Victims of NC Eugenics Program to Receive Compensation At Last
Despite signals earlier this year that the State of North Carolina would once again not include plans compensation for the victims of the state’s infamous eugenics programs in the state’s budget, it seems that those who suffered forcible or coerced sterilization at the hands of the state will see some restitution after all as North Carolina is set to become the first state to provide compensation to victims of a state eugenics program.
On July 25th, the State Legislature passed a budget which would distribute $10 million amongst those who remain of the victims of the state’s coercive and forcible sterilization policy that existed in North Carolina from 1929 until 1974. Discussion of compensation has been going on for a long time and the North Carolina Legislature has been wrestling with the issue for ten years. “It’s been a long hard fight,” said state Rep. Larry Womble (D). “We’re trying to correct a wrong.”
“There were challenges, we had to better educate our members- and then of course we had to work through the fiscal challenges- but at the end of the day, we’ve done something truly historic,” said State House Speaker Thom Tillis (R), who has led on this issue. This tremendous effort has been supported by concerted bi-partisan support. Members of both parties, including a Democratic and Republican Governor, had worked to see that victims on this gross violation of human rights see some compensation for the pain they have gone through.
According to Charmaine Fuller-Cooper, former director of the North Carolina Justice for Sterilization Victims Foundation, less than 200 people have come forward. That means each verified victim would receive about $50,000.
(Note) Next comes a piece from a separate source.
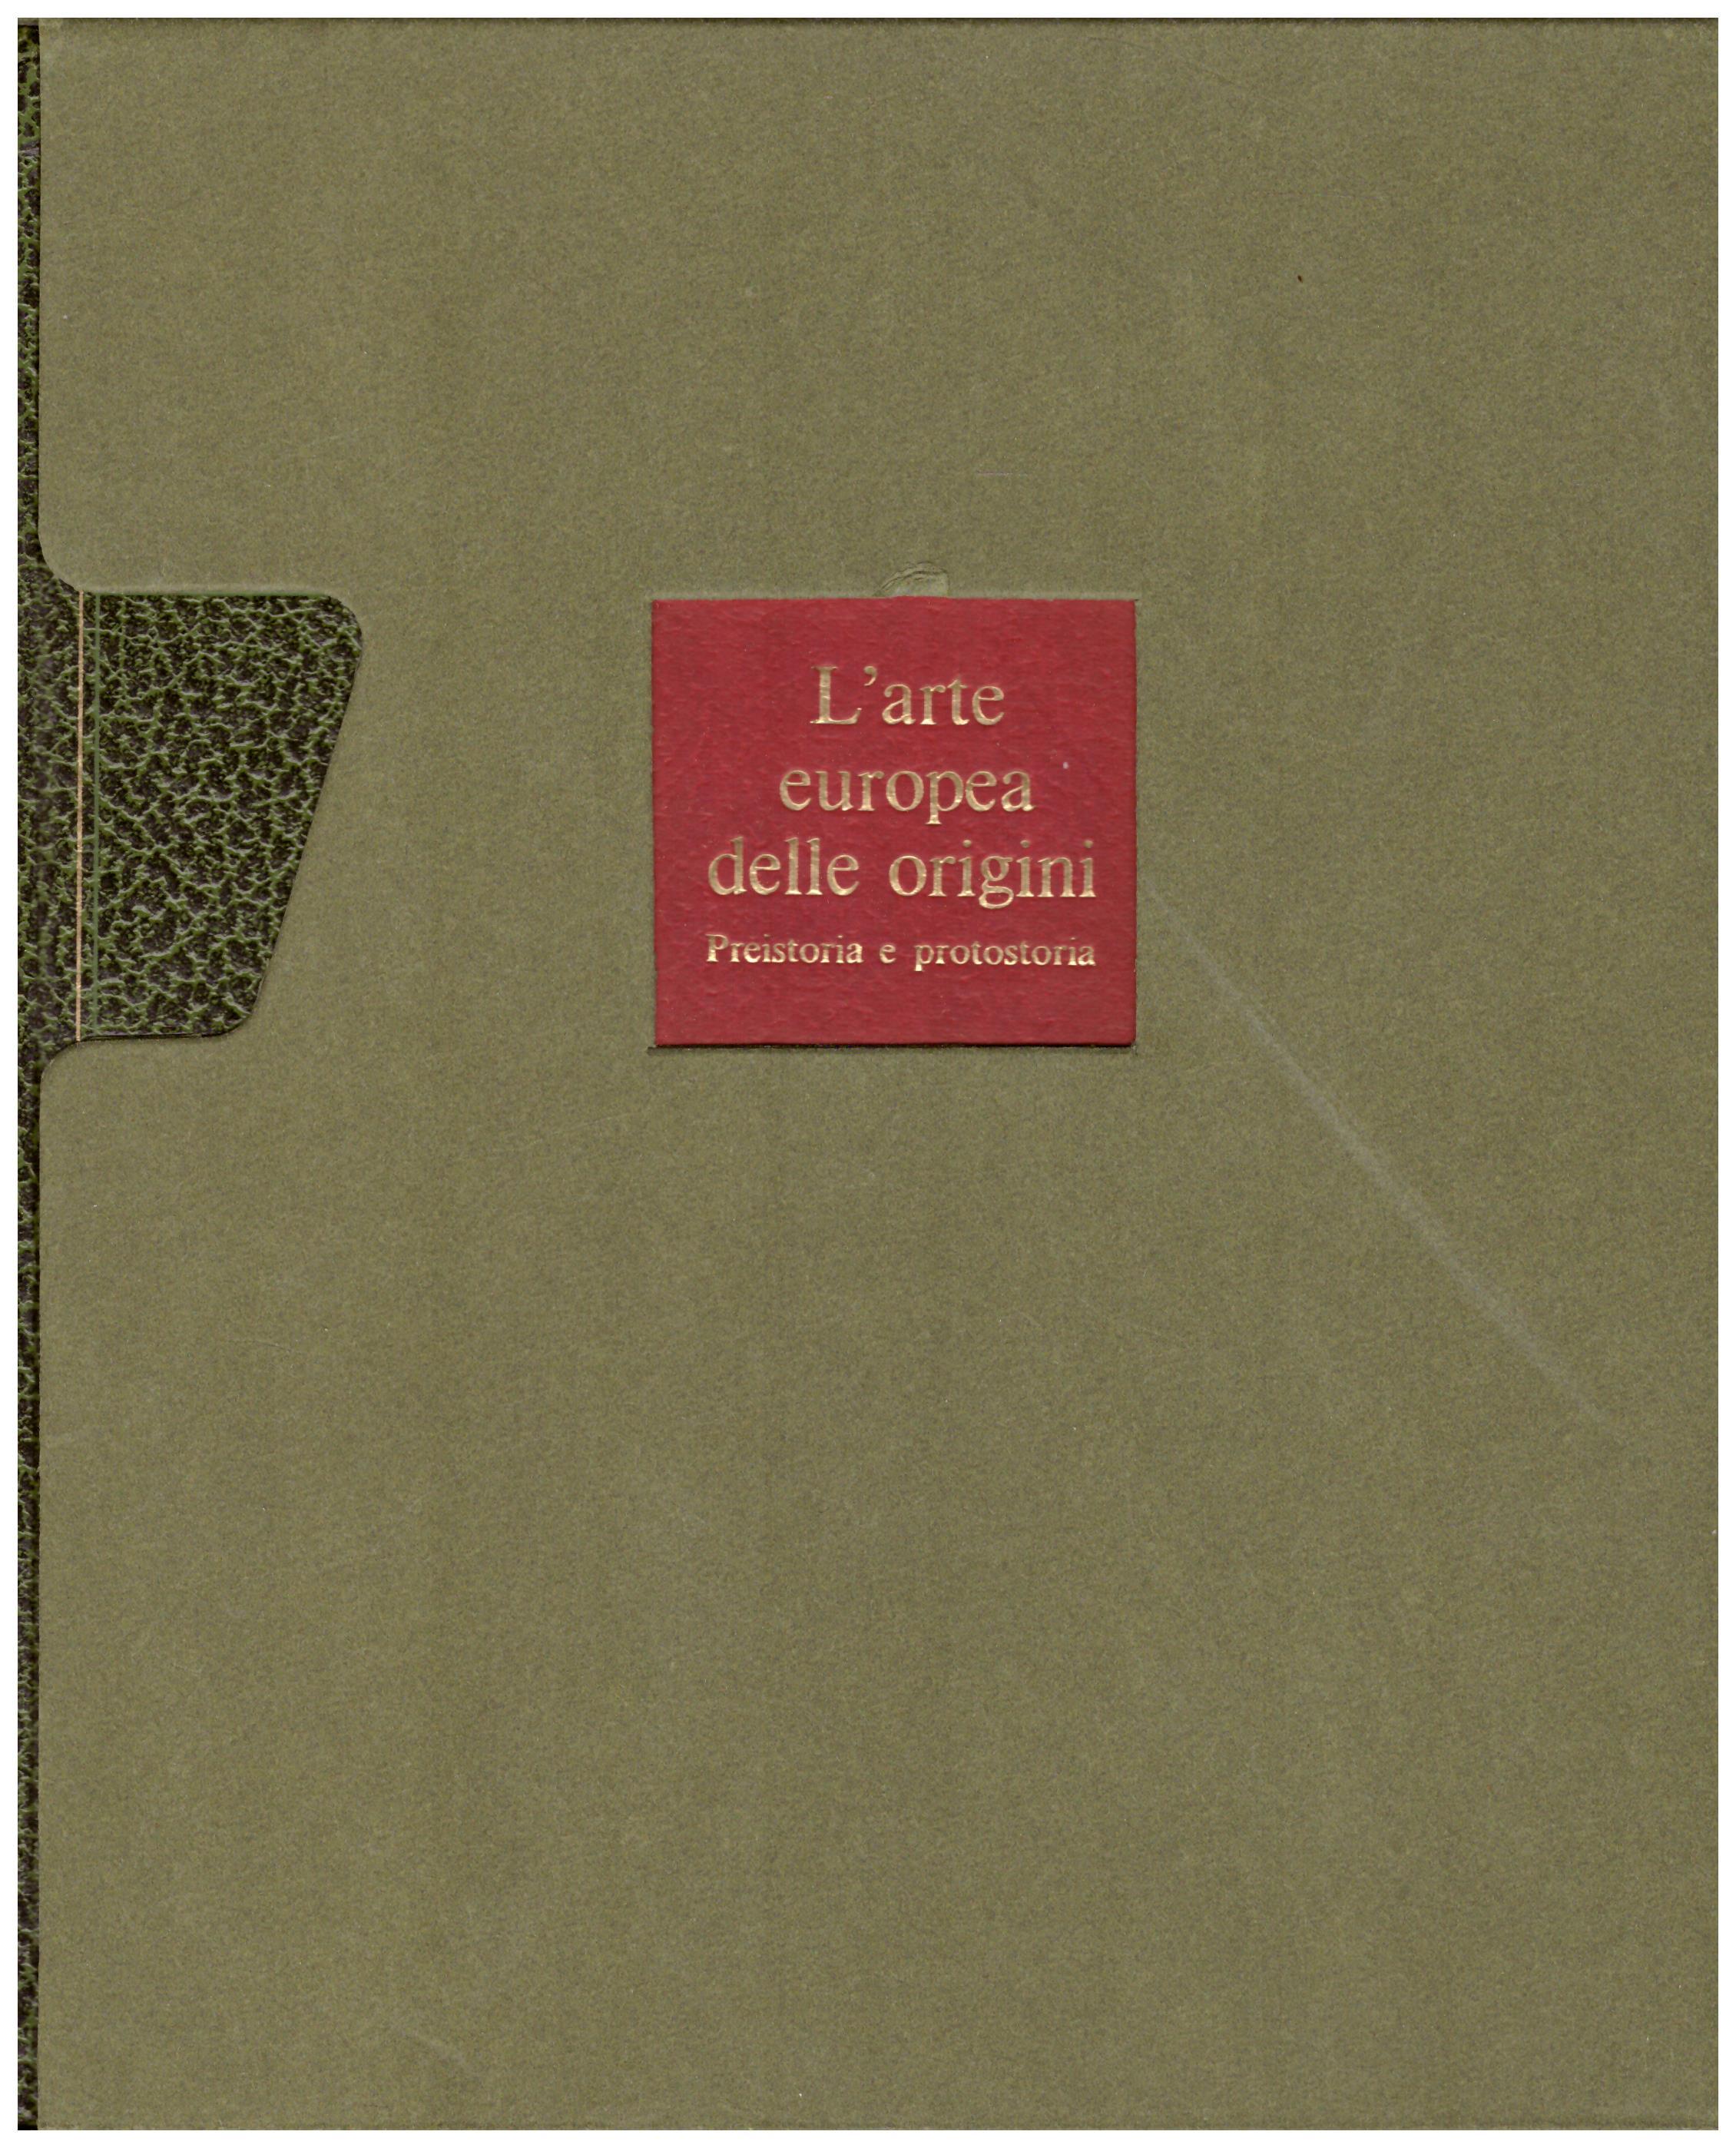 Titolo: Jolanda la figlia del corsaro nero  Autore: Emilio Salgari Editore: Antonio Vallardi, Milano 1932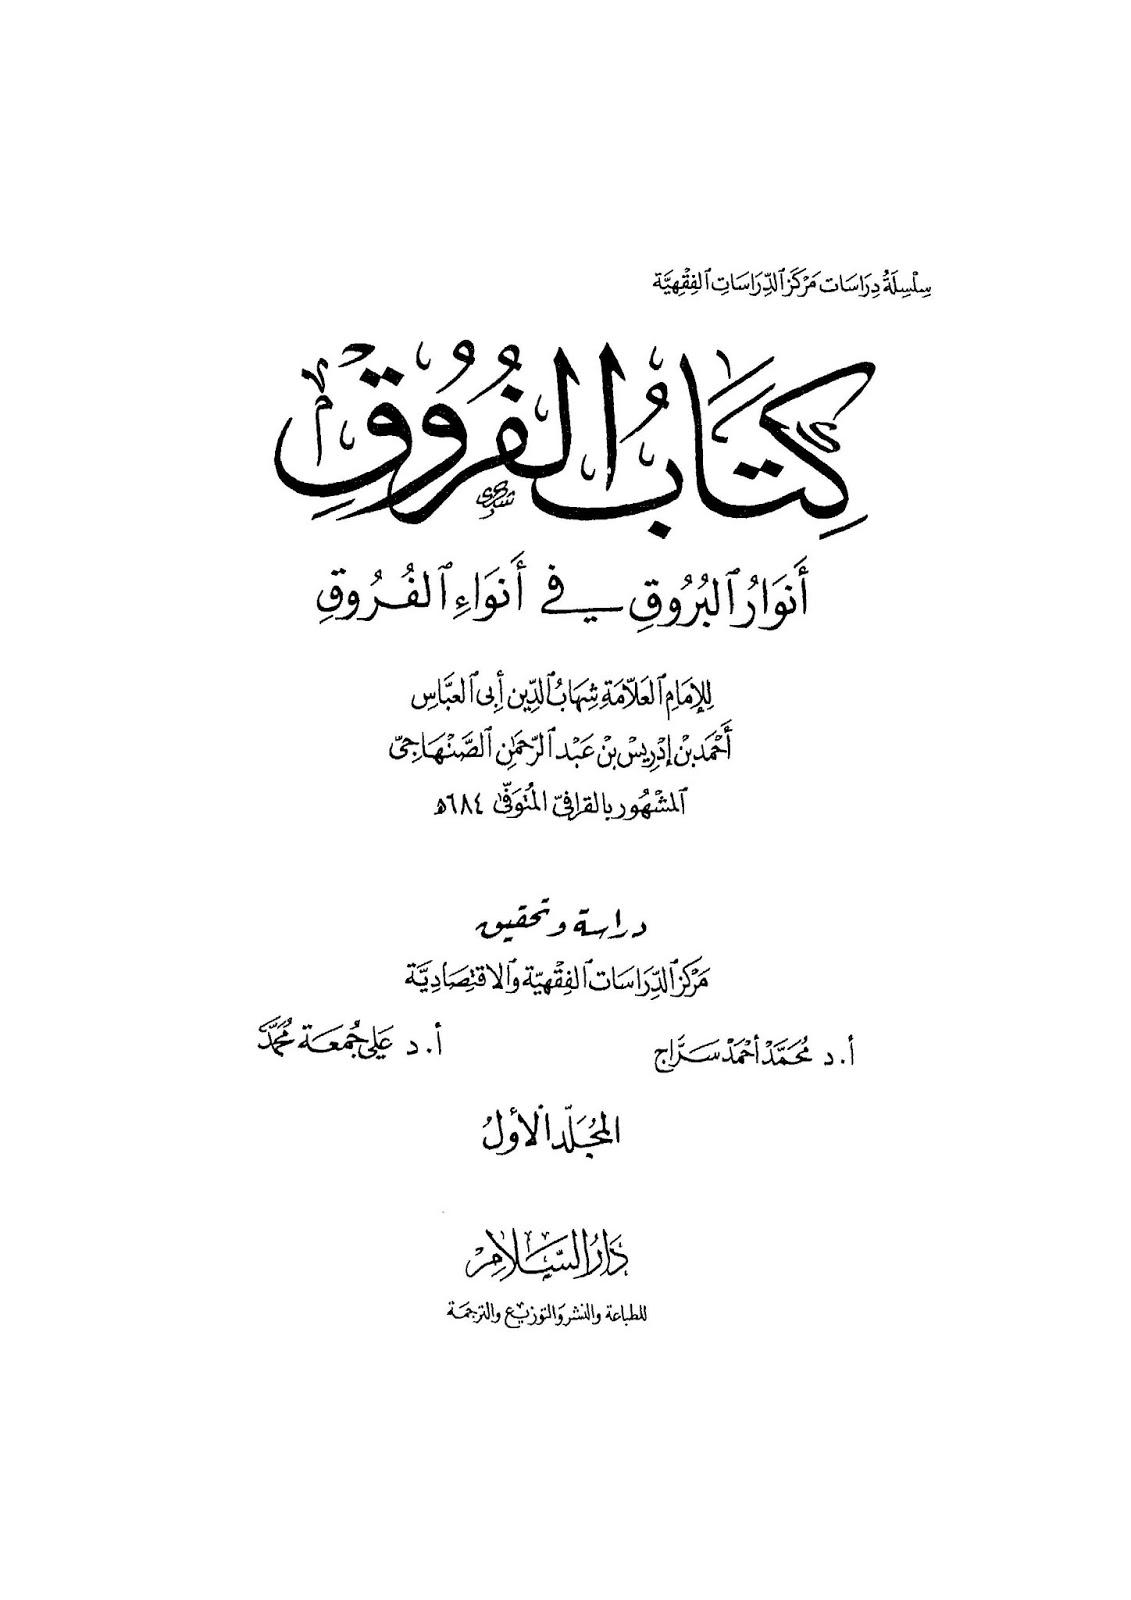 كتاب الفروق للقرافي - طبعة دار السلام pdf

Over the course of 45 years, the infamous North Carolina Eugenics Board sterilized roughly 7,600 people. As with similar eugenics programs throughout the country, the North Carolina program believed it was serving humanity by sterilizing the “unfit”- those who were in fact the poor, the uneducated, and the minorities.
While eugenics is generally condemned as “pseudo-science” today, in the first half of the 20th century it found a great deal of support. Those who supported the eugenic movement were not the uneducated and uncouth. They were not led by a narrow worldview and limited access to information. Rather, they were the academics who led at the nation’s most prestigious institutions, the leaders who shaped the policy of the country, and the progressives with opportunities to make positive changes. They truly were the elites of America. It was because of these the influence of these supporters that those like Charles Holt, who was forcibly sterilized at 19 while living in a home for boys, were able to be robbed of their human dignity.
The persistence of these North Carolina lawmakers, as well as their ability to work together in spite of party lines, is to be greatly admired. Those for whom they have long been seeking reparations and justice are not the influential or the strong. The victims of eugenics programs in North Carolina and across the country were taken advantage of by their own home states when they were young and defenseless. Now the victims who are still living must face their old age without the comforts of children or grandchildren and with a life full of memories tarnished by forced sterilizations programs. It is to be hoped that other states where similar atrocities have taken place will follow North Carolina’s example and seek to make amends with those who dignity they have robbed and see that they are provided for in their old age.